1. Field of the Invention
The present invention relates to a tone generation apparatus for, e.g., an electronic keyboard instrument.
2. Description of the Related Art
In electronic keyboard instruments such as an electronic piano, an electronic organ, and the like, tone source information stored in a PCM waveform memory is read out according to a tone color and key information, and is output as a tone generation signal after its amplitude, envelope, and the like are processed. In order to generate tones corresponding to some simultaneously depressed keys or to generate accompaniment tones, a tone generator has a plurality of simultaneous tone channels.
A channel assignor manages tone channels, and assigns a tone to be generated in response to a key-ON event to an empty channel or a channel having a low priority order.
As a key assign method of the assignor, a first-depression priority method or a last-depression priority method is known. Also, the following method is known. In this method, when there is no empty channel, the envelopes of assigned tone waveforms are compared, and a new key is assigned to a tone channel generating the lowest envelope level, i.e., a channel closer to the end of tone generation (envelope minimum value detection method).
An electronic keyboard instrument, which can select the following sole (monophonic) play mode, is known. In the sole-play mode, only one channel (or two channels) is assigned as a tone generation channel corresponding to a keyboard operation, and other tone channels are assigned to auto-accompaniment tones, and the like. In this sole-play mode, channel assignment processing called a key recovery method is often applied for.
In the key recovery method, tone generation is performed in a monophonic last-depression priority mode, and a key depressed last is assigned to a single tone channel. When a plurality of keys are depressed, tones are sequentially generated in the last-depression priority manner, and at the same time, the key ON order is stored in a table. When a currently tone-ON key is released, if there is another key in key ON state, the last key in the last-depression order in the depression order storage table is assigned to the tone channel to generate a corresponding tone (key recovery processing).

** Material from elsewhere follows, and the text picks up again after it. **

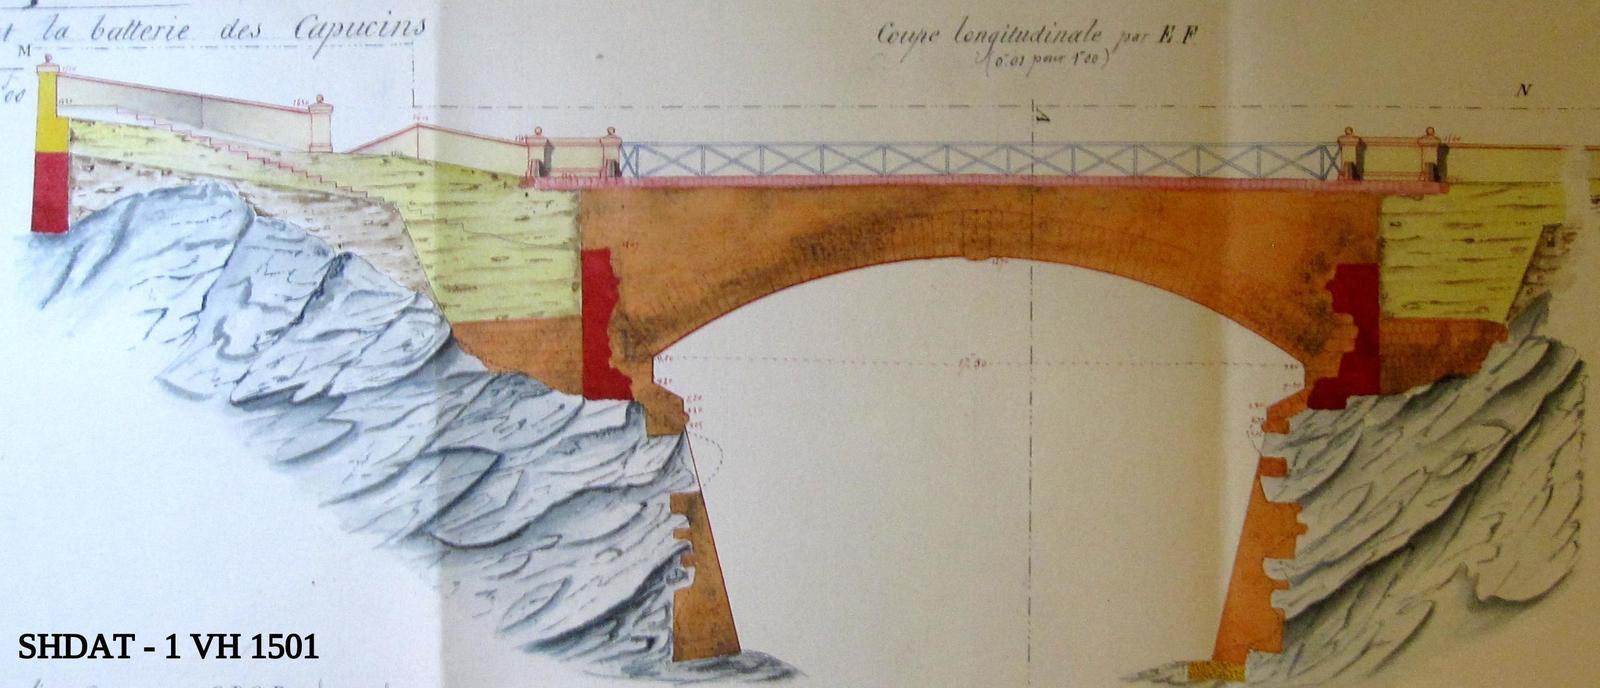 Projet d'achèvement du pont en juin 1862 (© Service historique de la Défense)

The above-mentioned key recovery processing in the sole-play mode requires complicated processing steps, and also requires a stack area of a memory for storing the key ON order.

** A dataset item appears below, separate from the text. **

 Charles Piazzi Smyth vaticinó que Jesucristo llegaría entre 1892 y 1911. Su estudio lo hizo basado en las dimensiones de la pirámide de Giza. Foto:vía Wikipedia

FIG. 6 shows an assignor (channel assignment) processing sequence based on the conventional key recovery method, and FIGS. 7A to 7C are views for explaining stack processing of a memory for storing the key ON order.
In step 71, it is checked if a play mode is a poly (polyphonic) play mode or a sole (monophonic) play mode. In the poly-play mode, poly processing is performed in step 72. In the sole-play mode, an ON/OFF event of a key is discriminated in step 73. If an ON event is detected, a tone channel is searched and assigned in step 74, and the key ON order is stored in a stack as key recovery information in step 75. FIG. 7A shows the content of a stack 19a at this time. When key ON events occur in the order of C, B, and A, note codes (key codes) A, B, and C are stored in the order of A, B, and C from the lower end of the stack area 19a. When a key D is newly depressed at that time, a tone corresponding to a note D is generated, and a note code D is stored in the lower end of the stack area 19a (push).

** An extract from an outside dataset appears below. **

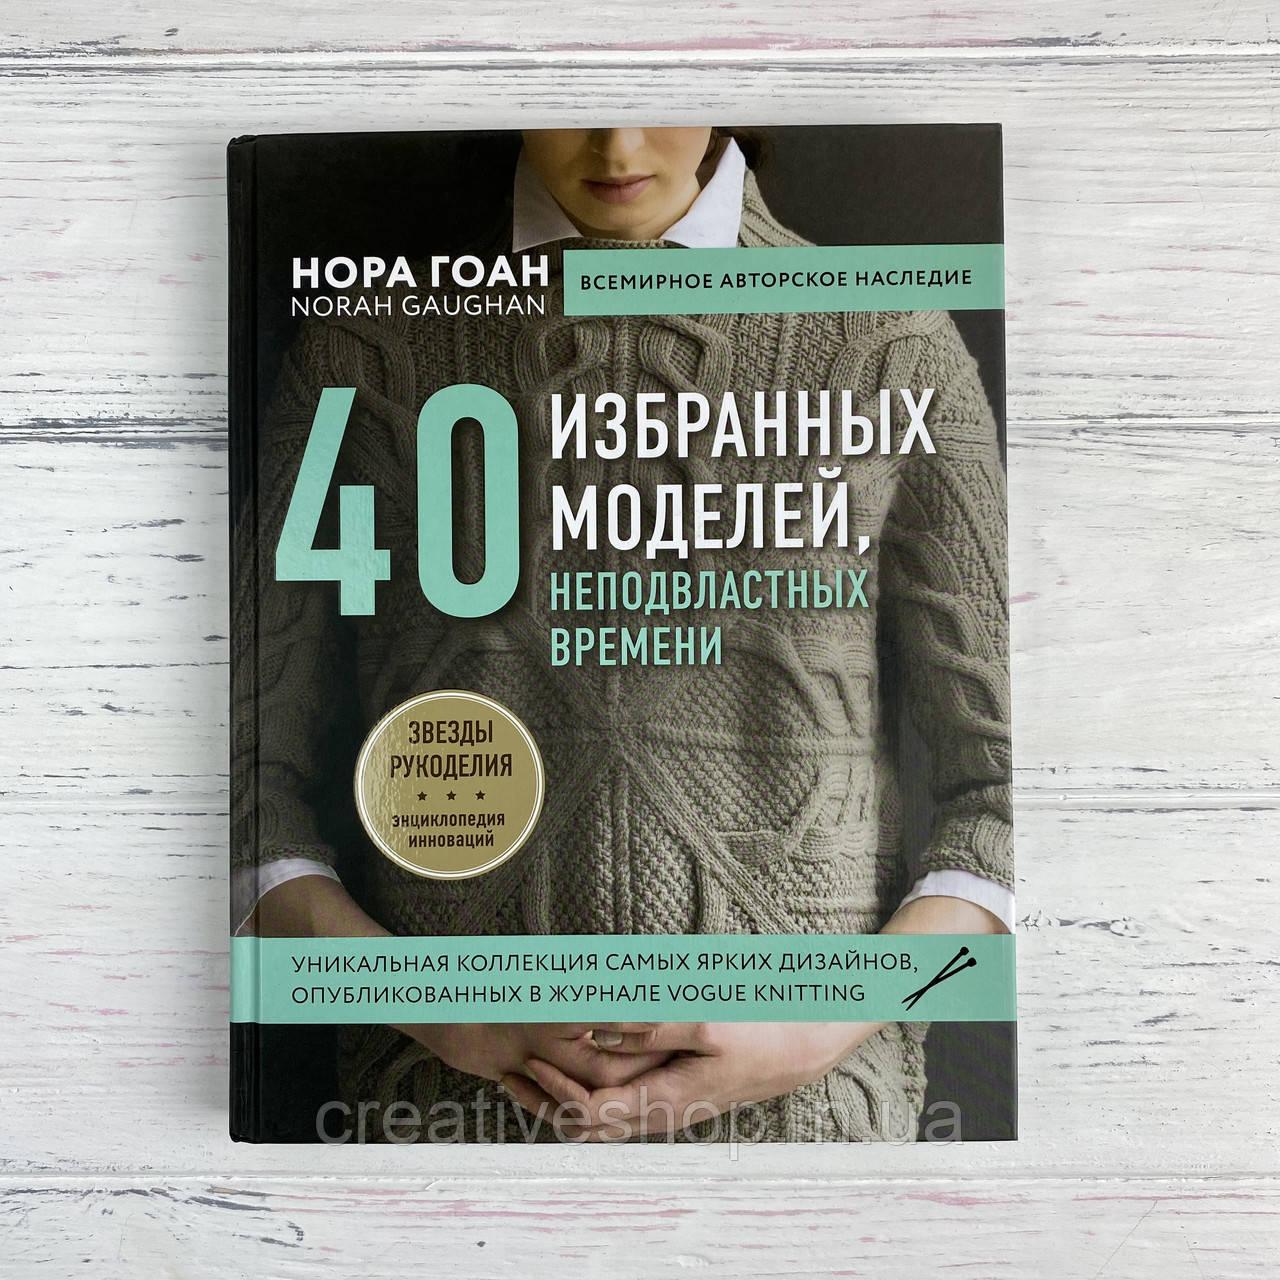 """Книга по вязанию """"Нора Гоан. 40 избранных моделей, неподвластных времени"""""""

If a key OFF event is detected in step 73, it is checked in step 76 if a key corresponding to the detected OFF event is the same as the key assigned to a currently tone-ON channel. If YES in step 76, OFF information of the key is generated (assign OFF) in step 77. In step 78, the stack area is rewritten (pull), and in step 79, the stacked last key information is assigned to a tone channel (key recovery processing). For example, when note codes C, B, and A are stacked in this order in the stack area, as shown in FIG. 7B, if the key A is released, the note code A is pushed out from the stack area upon tone-OFF processing of the key A, and the note code B is assigned to the tone channel.
If it is determined in step 76 that the OFF key is different from the currently tone-ON channel content, only rewrite processing of key recovery information is performed in step 80. For example, when node codes C, B, and A are stacked in this order, as shown in FIG. 7C, if the key B is released, the note code B is deleted from the stack area, and the key ON order is rewritten to C and A. Tone generation corresponding to the key A is continued.
As described above, the contentional key recovery processing in the sole-play mode requires many program steps, and consumes the stack area for storing the key ON order. Since the CPU of the electronic musical instrument executes real-time processing, an expensive, high-speed microprocessor is required.
When the stack area is saved, the number of pieces of key recovery information to be held is limited. When a large number of keys are simultaneously depressed, it is difficult to perform key recovery processing.